褚十安一秒没再犹豫地接过就走,不愿再在大爷猎奇的眼神里被两相比对。
拆开快递以前,他还确认了一遍快递单上的名字,确实是自己。
这会是什么呢?但自己确实没买快递啊。
褚十安打开,然后一秒合上了快递盒。
他一言不发地走向路边的垃圾桶,把手里的快递一下子掼进垃圾桶里。
而那被卡在垃圾桶口的快递盒虚虚地开着口——
一只肿胀溃烂的死耗子,在快递盒口,散发着刺鼻的腥臭……
数印室里都是五六十岁的老教师,两女一男,即将退休,工作轻松、单调又无聊至极。
褚十安的加入让原有的三位老教师既惊讶又兴奋。
他们喜欢年轻人——更喜欢自带八卦体质的年轻人。
“哎呀,现在的学生真是不好管,”刘老师面容和蔼,一边分刚印出来的试卷,一边感慨,“造出来的事情真是千奇百怪,花样百出……”
“是啊,老师们呢,这年代你又拿他们一点办法都没有,”蔡老师很有感触地接腔,“还没说一句呢,他就说他要抑郁了,要不,就跟十安一样,学生没抑郁,把老师惹一身麻烦……”
褚十安帮忙切裁边角,想对二位前辈的发言礼貌地笑一下,无奈却连一个笑容都做不出来。
“不过话说,那个楼云齐到底是怎么回事啊?怎么感觉就不像来安安生生上学的?”
“深有同感,我在这个学校待了三十年了,也是第一回见到这么大胆的学生,啧啧,那视频里跟老师对峙真是一点都不胆怯……”
刘老师抱着分好的试卷往架子上放,突然她“咦”了一声,“这份作文素材怎么还有一个班没领走呢?不是让昨天就抱走呢吗?”
“谁知道,再等等吧。”蔡老师并不回头,继续了之前的话题,“咱们十安遇到这样的学生也真是够倒霉的了。”

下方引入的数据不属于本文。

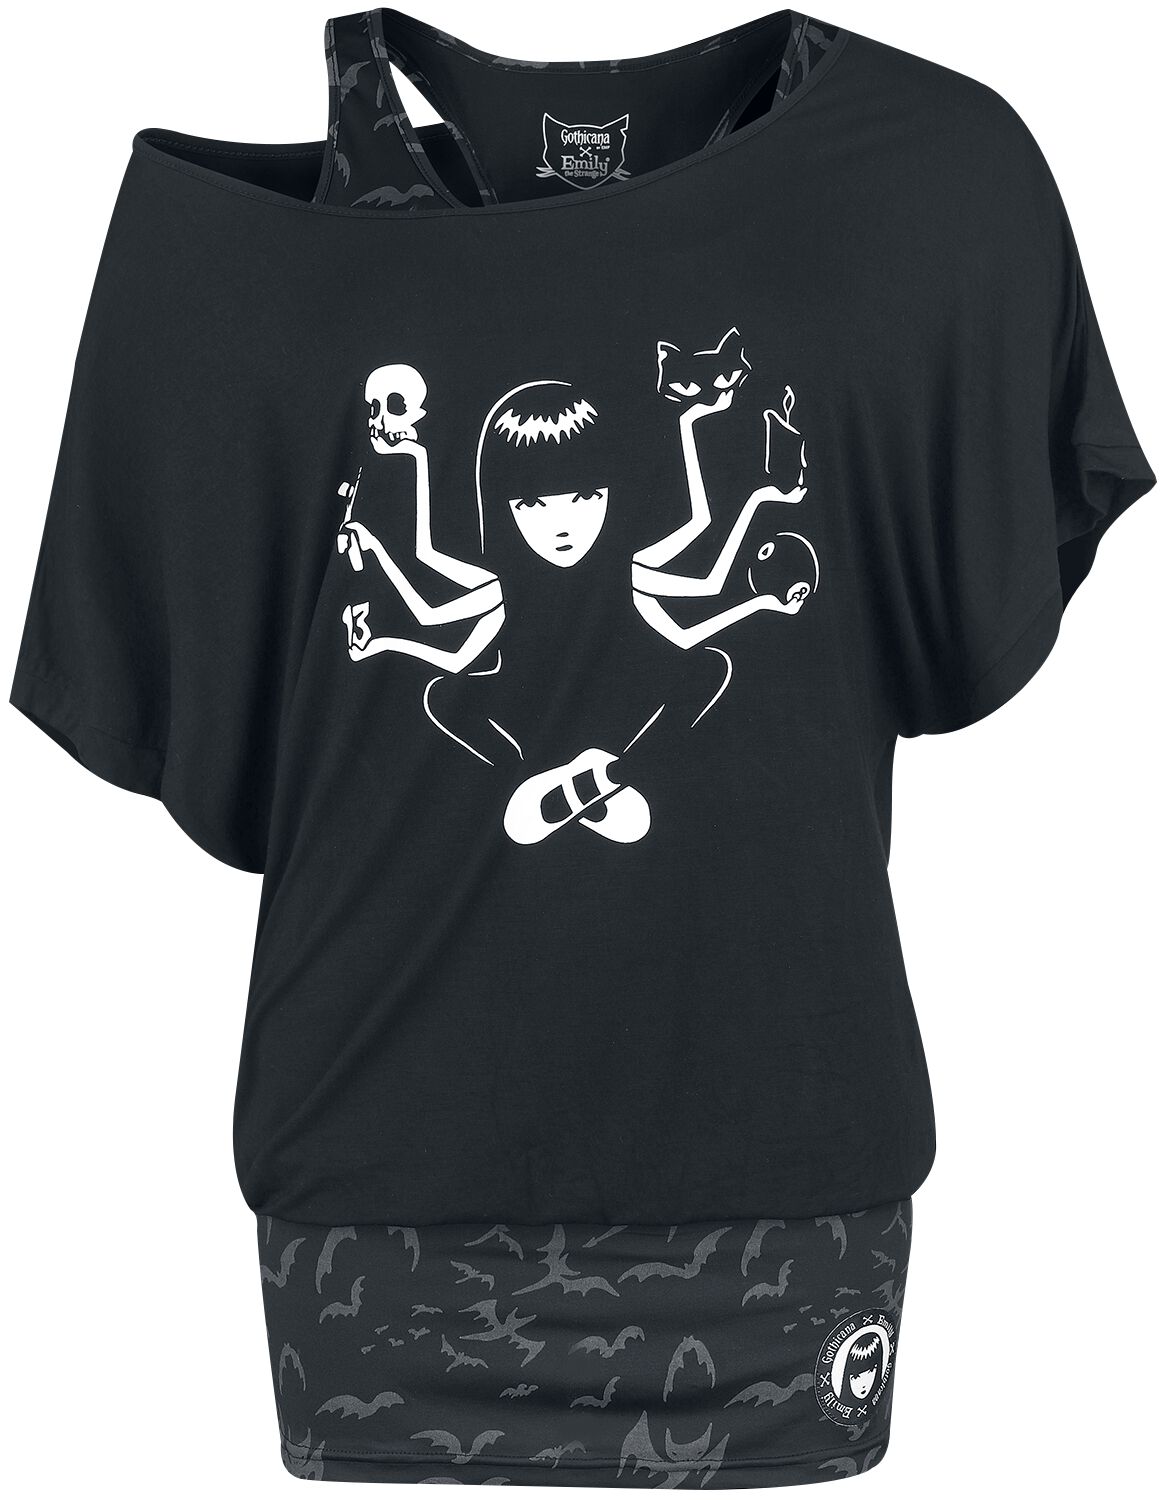 Image of T-Shirt Gothic di Gothicana by EMP - Gothicana X Emily the Strange 2-in-1 t-shirt and top - S a M - Donna - nero

“可不是吗?十安这几个月真受罪了,”刘老师回头对褚十安笑得慈爱,“没事儿,你现在来这儿了,咱们这儿呀,没学生,又清净,日子不比那教学楼上舒坦?”
褚十安终于扯出了一个礼貌的微笑,无声地点点头。
“不过,”蔡老师似乎想到什么,“十安,那个楼云齐真的是个同性恋?”
“呃……”褚十安尴尬地不太想提起这个话题,“具体……我也不太清楚……”
“你不是和他都——”说到一半的蔡老师突然意识到了什么,把堪堪到嘴边的“接过吻了嘛”给吞了进去,再一次提醒自己,那只是监控的视角误区,但八卦的灵魂已经控制不住了,“呃,话说回来,你对楼云齐有没有……”
“啊,刘老师,我看还是我把这个班的作文素材送过去吧,”褚十安切断蔡老师的话,插入其他话题,“腾出来位置也好放下一套试卷。”

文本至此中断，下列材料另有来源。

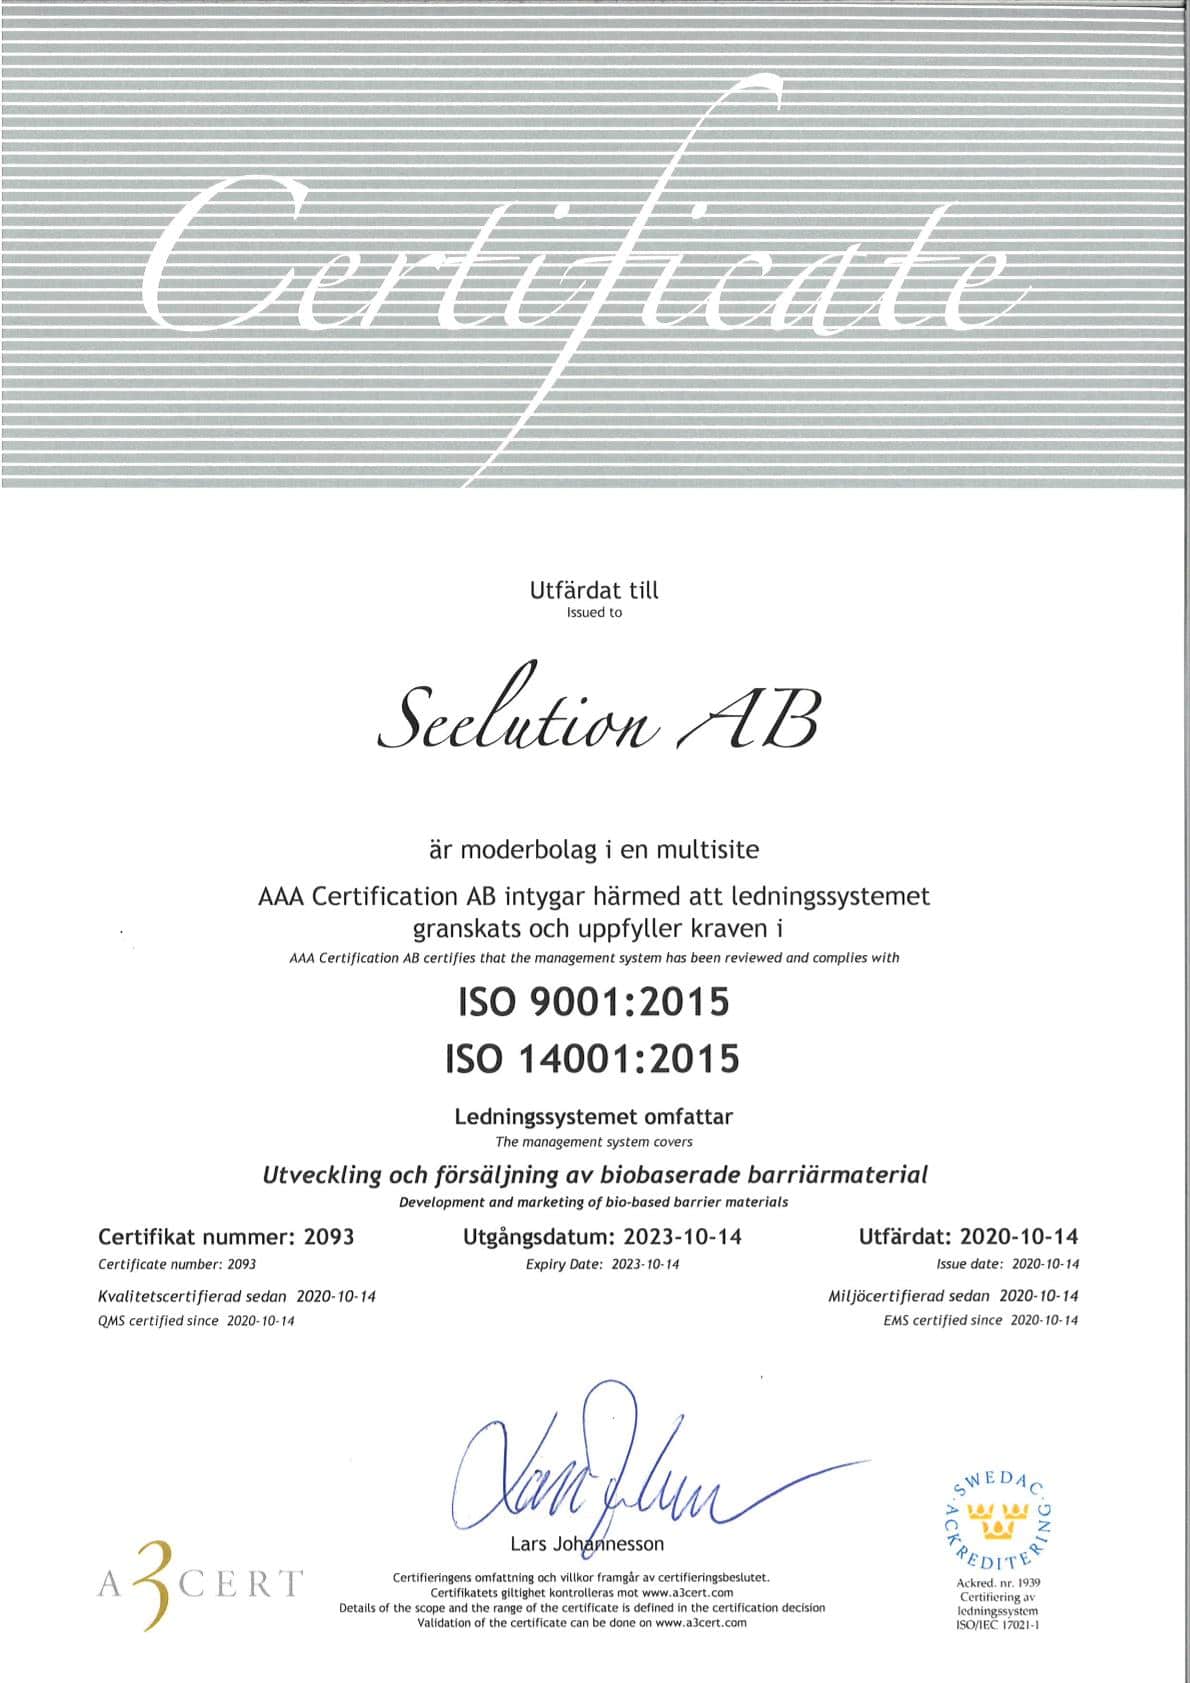 Seelution AB ISO Certificate

“哦,行,”刘老师笑得和蔼,“看,这十安一来,有人给咱们文印室跑腿儿了~”
褚十安抱着作文素材一刻不停地冲出文印室,他喘口气,怕自己再不找借口出来,就会连最基本的体面脸色都难以维持。
步履匆匆,到中心教学区域,褚十安才想起来看这摞作文素材的班级——
高二(33)班。
他几乎是想再掉头回去。
他在楼下立了一会儿,想看有没有路过的学生让学生带上去。然而此时正值上课,楼下一个学生都没有,褚十安只能硬着头皮往四楼走。
尚未到走廊尽头的班级门口,褚十安就把那一摞子作文素材放到走廊的墙栏上,他知道学生们下课应该能看见,转头就准备走。
谁知刚好遇见从厕所出来的龚斯华。
“老师?”龚斯华有点意外,“好久不见了,你……你还好吗?”
“我……我还行……”褚十安怃然地垂了一下眼眸,又很快转移话题,“你们班的作文素材我放这儿了,下课了你帮忙给课代表说一声。”
说完,褚十安掉头就走。
龚斯华敏感地捕捉到了褚十安“你们班”而不是“咱们班”的用词,他紧急询问,“老师,你——你不回咱们班了吗?”
褚十安沉默了几秒,随后状似随意的口吻说了句,“不回了。”
“老师,你不知道,现在我们班换了班主任和语文老师,大家都很不适应。”
“刚换老师都会这样,过段时间就会好的。”褚十安不欲深聊,抬腿往楼梯口走,谁知道又一次被龚斯华叫住。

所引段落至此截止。